Nothing
#' Log Ratios of Measurements
#'
#' Function to compute the (base 10) log ratios of the measurements
#' relative to standard reference values.
#' The default reference and several alternative references are provided with the
#' package. But the user can use their own references if desired.
#'
#' Each log ratio is defined as the decimal logarithm of the ratio of the
#' variable of interest to a corresponding reference value.
#'
#' The \code{identifiers} are expected to determine corresponding
#' columns in both data and reference. Each value in these columns identifies
#' the type of bone. By default this is determined by a taxon and a bone
#' element. For any case in the data, the log ratios are computed with respect
#' to the reference values in the same bone type. If the reference does not
#' include that bone type, the corresponding log ratios are set to \code{NA}.
#'
#' The taxonomy allows the matching of data and reference by genus, instead
#' of by species. This is the default behaviour with
#' \code{useGenusIfUnambiguous = TRUE}, unless there is some ambiguity:
#' reference including more than one species for the same genus. For instance,
#' \code{reference$Combi} includes a reference for \emph{Sus scrofa}.

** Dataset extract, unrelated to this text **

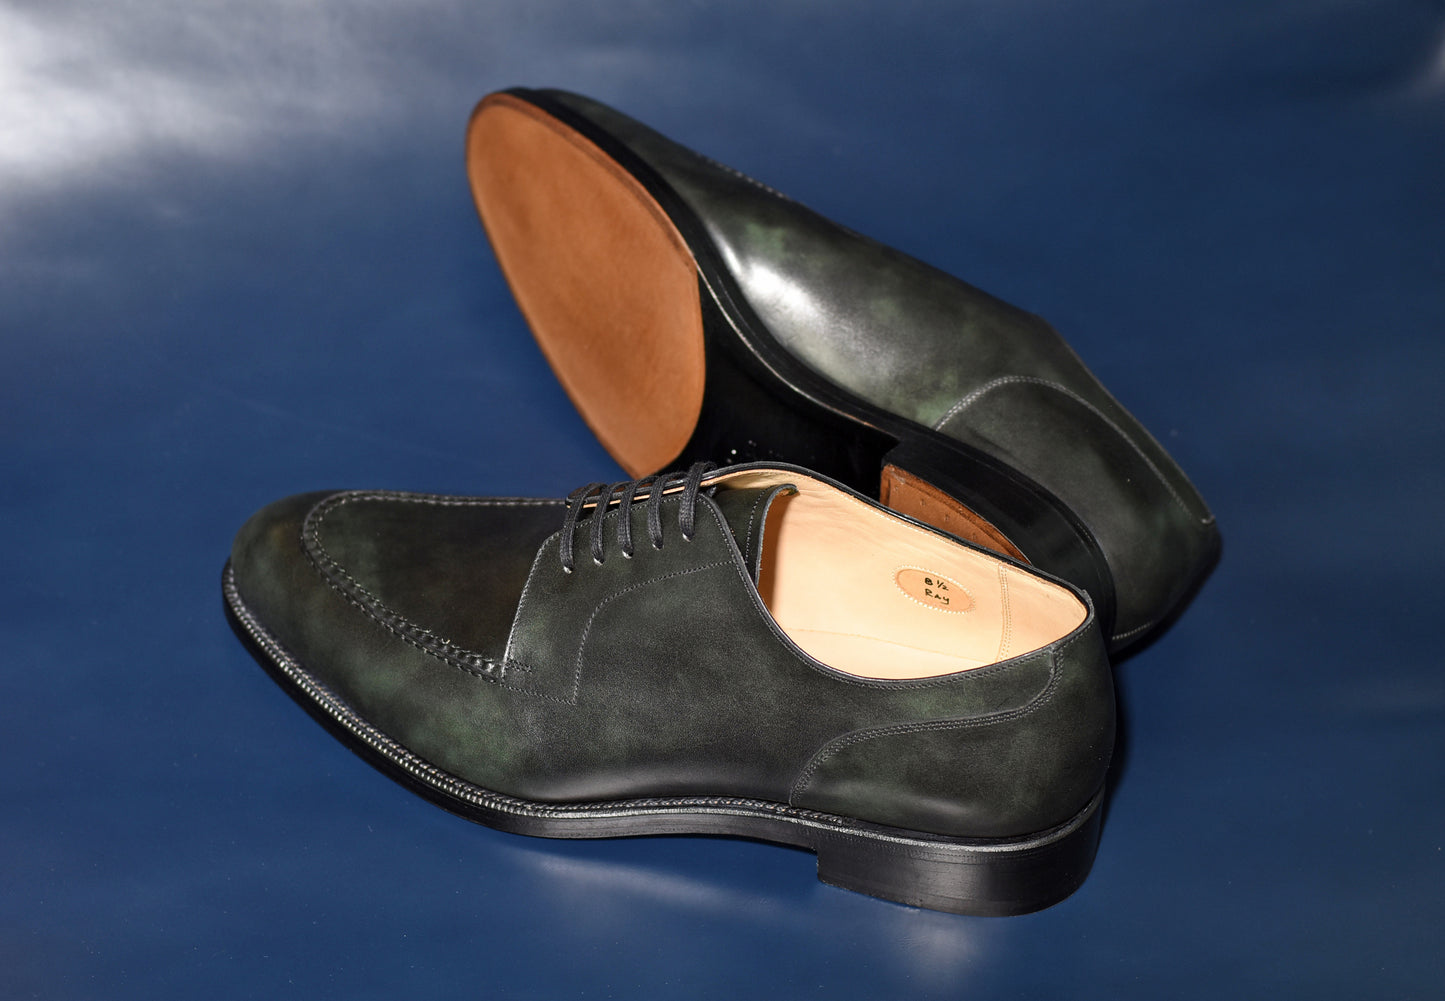 ★London Super Trunk Show 2023 Anniversary Model★ “Ray” Pie Crust Apron Derby, Dark Green Dress Shoes, Zonta Museum Calf, Goodyear welted, US size 5 1/2 ~ 11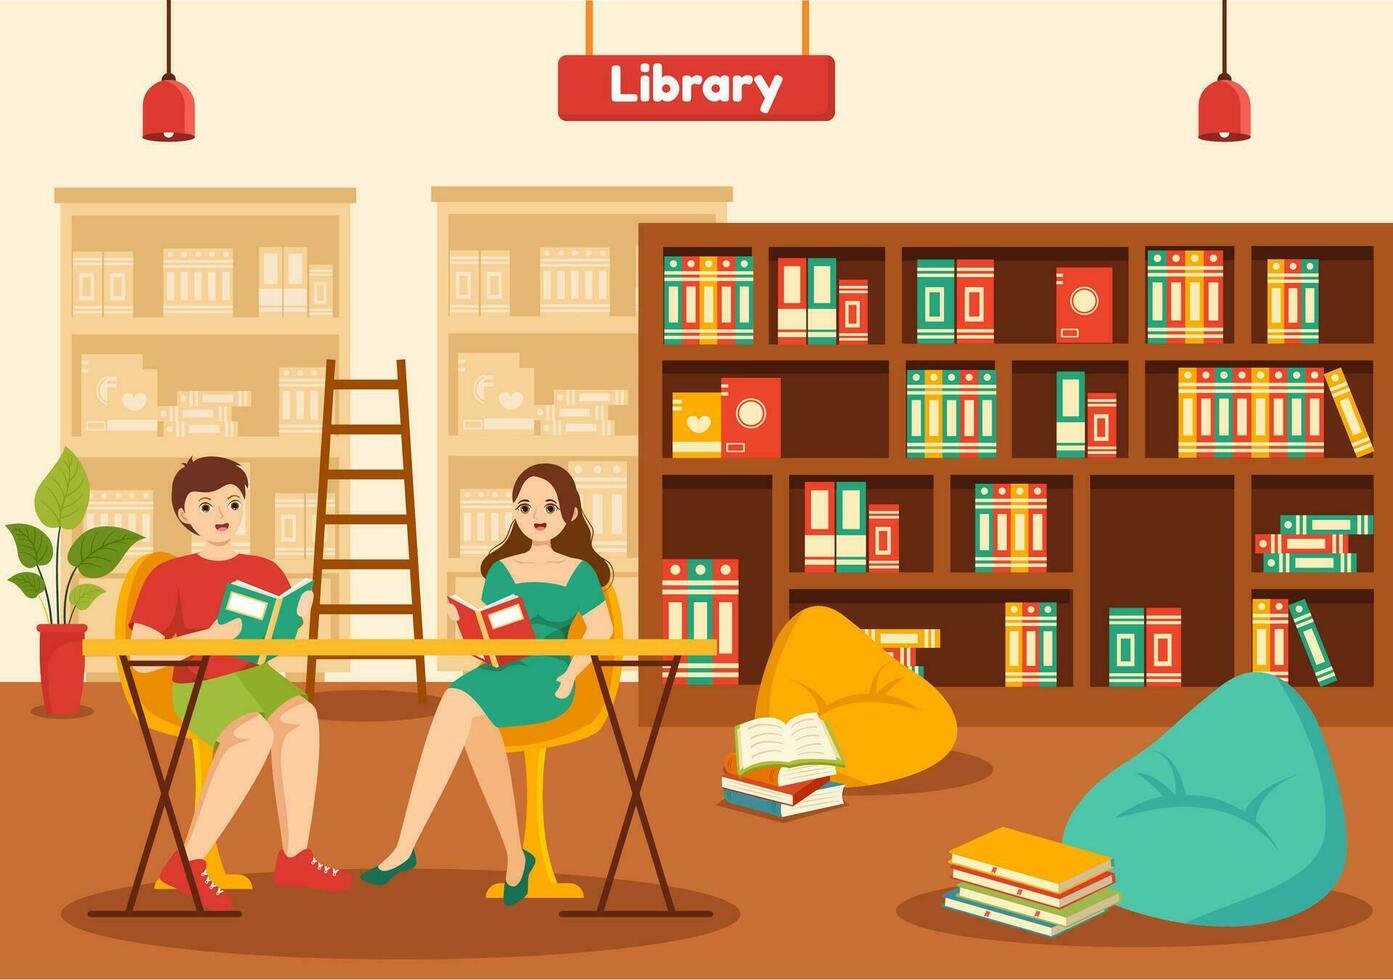 Library Vector Illustration of Book Shelves with Interior Wooden Furniture for Reading, Education and Knowledge in Flat Cartoon Background Design

#' If the data includes cases of \emph{Sus domesticus}, their
#' log ratios will be computed with respect to the provided reference for
#' \emph{Sus scrofa}.
#' However, a warning is given to inform the user of this assumption, and let
#' they know that this can be prevented by setting
#' \code{useGenusIfUnambiguous = FALSE}.
#'
#' For some applications it can be interesting to group some set of bone types
#' into the same reference category to compute the log ratios. The parameter
#' \code{joinCategories} allows this grouping. \code{joinCategories} must be a
#' list of named vectors, each including the set of categories in the data
#' which should be mapped to the reference category given by its name.
#'
#' This can be applied to group different species into a single
#' reference species. For instance \emph{sheep}, \emph{capra}, and doubtful
#' cases between both (\emph{sheep/goat}), can be grouped and matched to the
#' same reference for \emph{sheep}, by setting
#' \code{joinCategories = list(sheep = c("sheep", "goat", "oc"))}.
#' Indeed, the zoologTaxonomy can be used for that purpose using the function
#' \code{\link{SubtaxonomySet}} as
#' \code{joinCategories = list(sheep = SubtaxonomySet("Caprini"))}.
#' Similarly, \code{joinCategories} can be applied to group
#' different bone elements into a single reference (see the example below for
#' undetermined phalanges).
#'
#' Note that the \code{joinCategories} option does not remove the distinction
#' between the different bone types in the data, just indicates that for any
#' of them the log ratios must be computed from the same reference.
#'
#' Using the taxonomy, the presence of cases identified by higher taxonomic
#' ranks are also automatically detected. For instance, if some partially
#' identified cases have been recorded as "Ovis/Capra", this is recognized
#' to denote the tribe \emph{Caprini}, which includes several possible species.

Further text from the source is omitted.